Tag Archives: Simple linear regression

RANSAC Regression in Python

RANSAC is an acronym for Random Sample Consensus. What this algorithm does is fit a regression model on a subset of data that the algorithm judges as inliers while removing outliers. This naturally improves the fit of the model due to the removal of some data points.

The process that is used to determine inliers and outliers is described below.

  1. The algorithm randomly selects a random amount of samples to be inliers in the model.
  2. All data is used to fit the model and samples that fall with a certain tolerance are relabeled as inliers.
  3. Model is refitted with the new inliers
  4. Error of the fitted model vs the inliers is calculated
  5. Terminate or go back to step 1 if a certain criterion of iterations or performance is not met.

In this post, we will use the tips data from the pydataset module. Our goal will be to predict the tip amount using two different models.

  1. Model 1 will use simple regression and will include total bill as the independent variable and tips as the dependent variable
  2. Model 2 will use multiple regression and  includes several independent variables and tips as the dependent variable

The process we will use to complete this example is as follows

  1. Data preparation
  2. Simple Regression Model fit
  3. Simple regression visualization
  4. Multiple regression model fit
  5. Multiple regression visualization

Below are the packages we will need for this example

import pandas as pd
from pydataset import data
from sklearn.linear_model import RANSACRegressor
from sklearn.linear_model import LinearRegression
import numpy as np
import matplotlib.pyplot as plt
from sklearn.metrics import mean_absolute_error
from sklearn.metrics import r2_score

Data Preparation

For the data preparation, we need to do the following

  1. Load the data
  2. Create X and y dataframes
  3. Convert several categorical variables to dummy variables
  4. Drop the original categorical variables from the X dataframe

Below is the code for these steps

df=data('tips')
X,y=df[['total_bill','sex','size','smoker','time']],df['tip']
male=pd.get_dummies(X['sex'])
X['male']=male['Male']
smoker=pd.get_dummies(X['smoker'])
X['smoker']=smoker['Yes']
dinner=pd.get_dummies(X['time'])
X['dinner']=dinner['Dinner']
X=X.drop(['sex','time'],1)

Most of this is self-explanatory, we first load the tips dataset and divide the independent and dependent variables into an X and y dataframe respectively. Next, we converted the sex, smoker, and dinner variables into dummy variables, and then we dropped the original categorical variables.

We can now move to fitting the first model that uses simple regression.

Simple Regression Model

For our model, we want to use total bill to predict tip amount. All this is done in the following steps.

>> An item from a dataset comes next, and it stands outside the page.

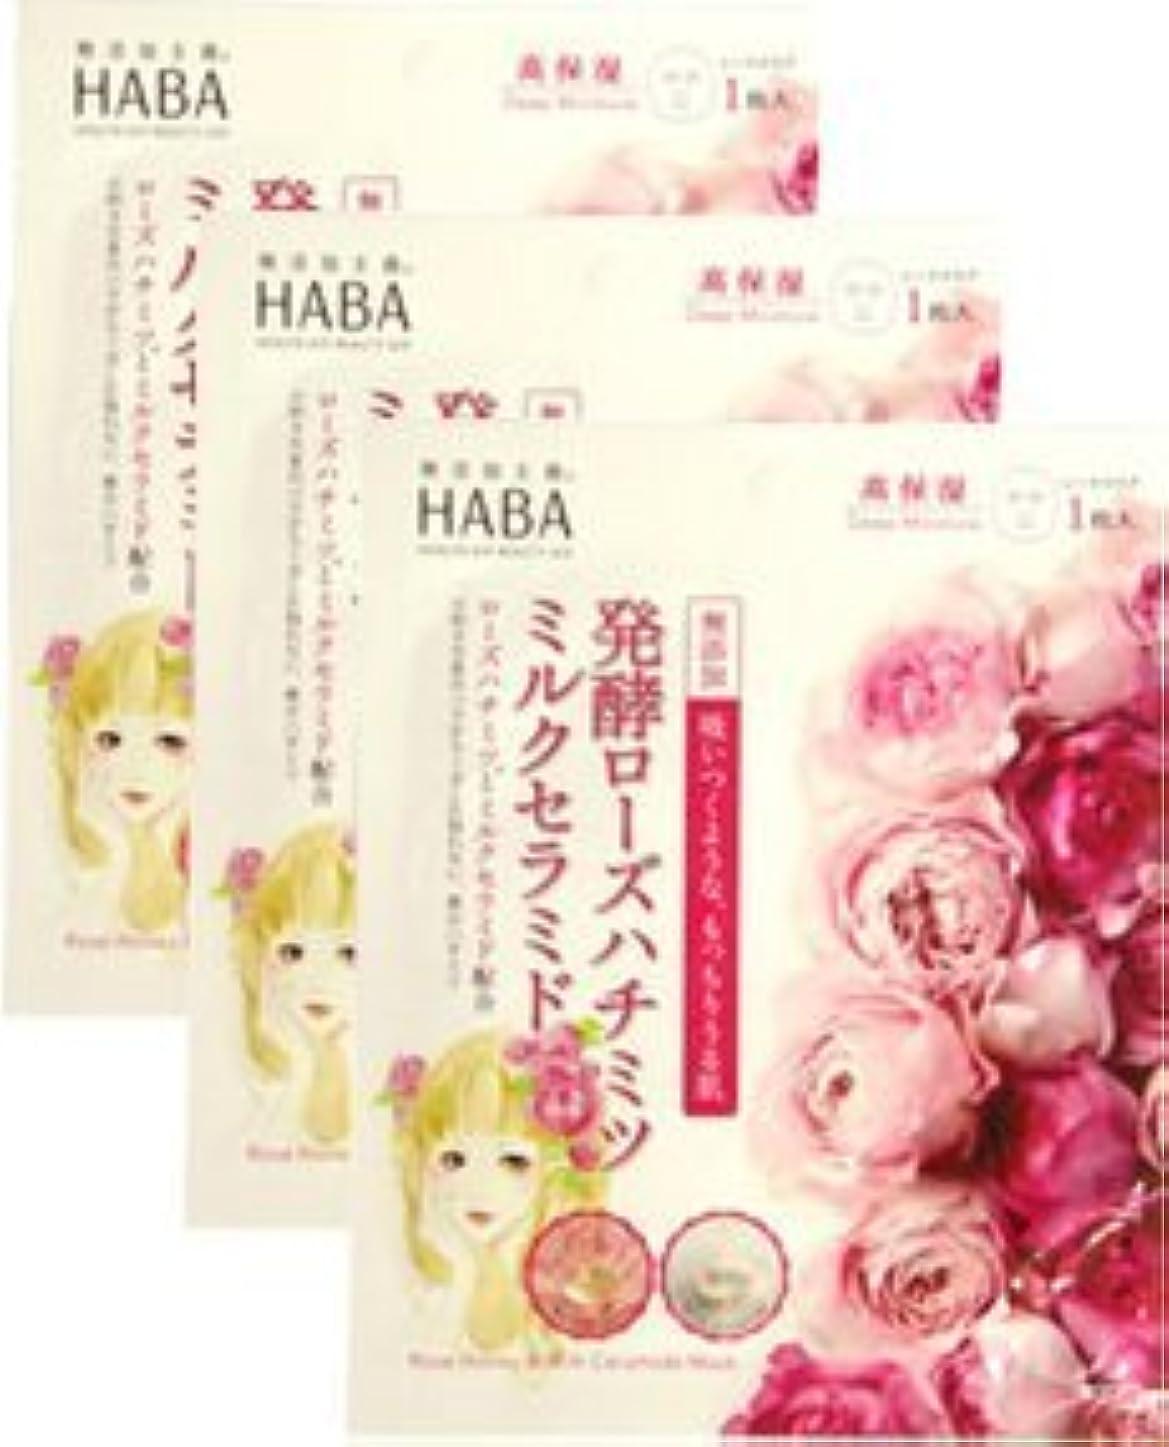 かみそり解明する展開するHABA 発酵ローズハチミツ ミルクセラミドマスク 5包入り(箱入) 3個セット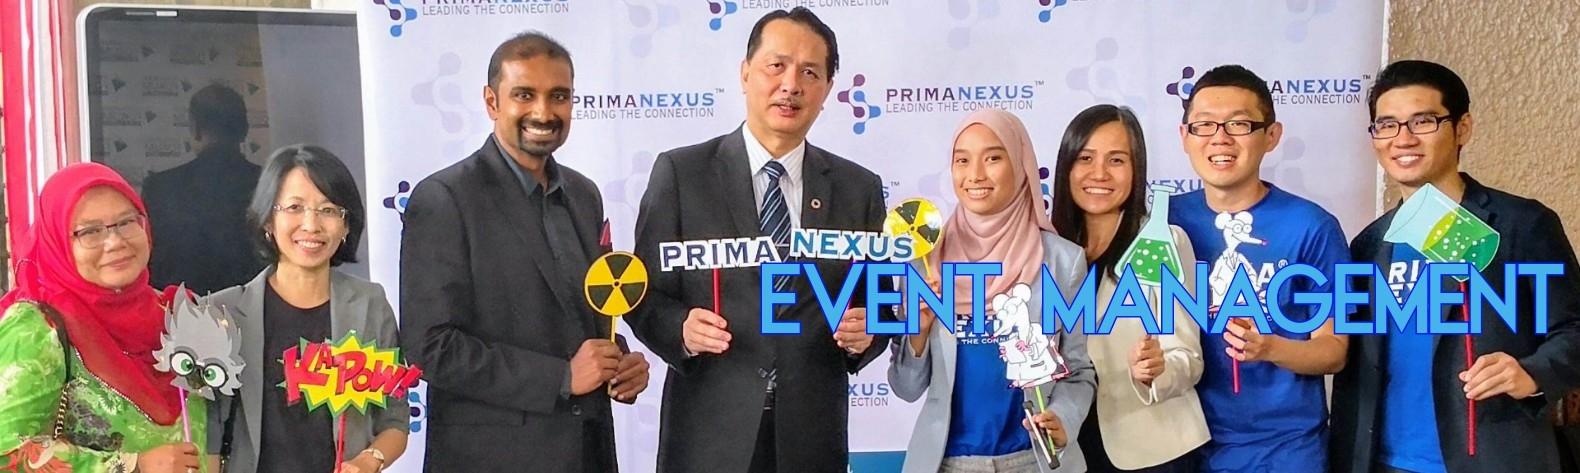 http://primanexus.com.my/events

  1. Instantiate an instance of the RANSACRegressor. We the call LinearRegression function, and we also set the residual_threshold to 2 indicate how far an example has to be away from  2 units away from the line.
  2. Next we fit the model
  3. We predict the values
  4. We calculate the r square  the mean absolute error

Below is the code for all of this.

ransacReg1= RANSACRegressor(LinearRegression(),residual_threshold=2,random_state=0)
ransacReg1.fit(X[['total_bill']],y)
prediction1=ransacReg1.predict(X[['total_bill']])
r2_score(y,prediction1)
Out[150]: 0.4381748268686979

mean_absolute_error(y,prediction1)
Out[151]: 0.7552429811944833

The r-square is 44% while the MAE is 0.75.  These values are most comparative and will be looked at again when we create the multiple regression model.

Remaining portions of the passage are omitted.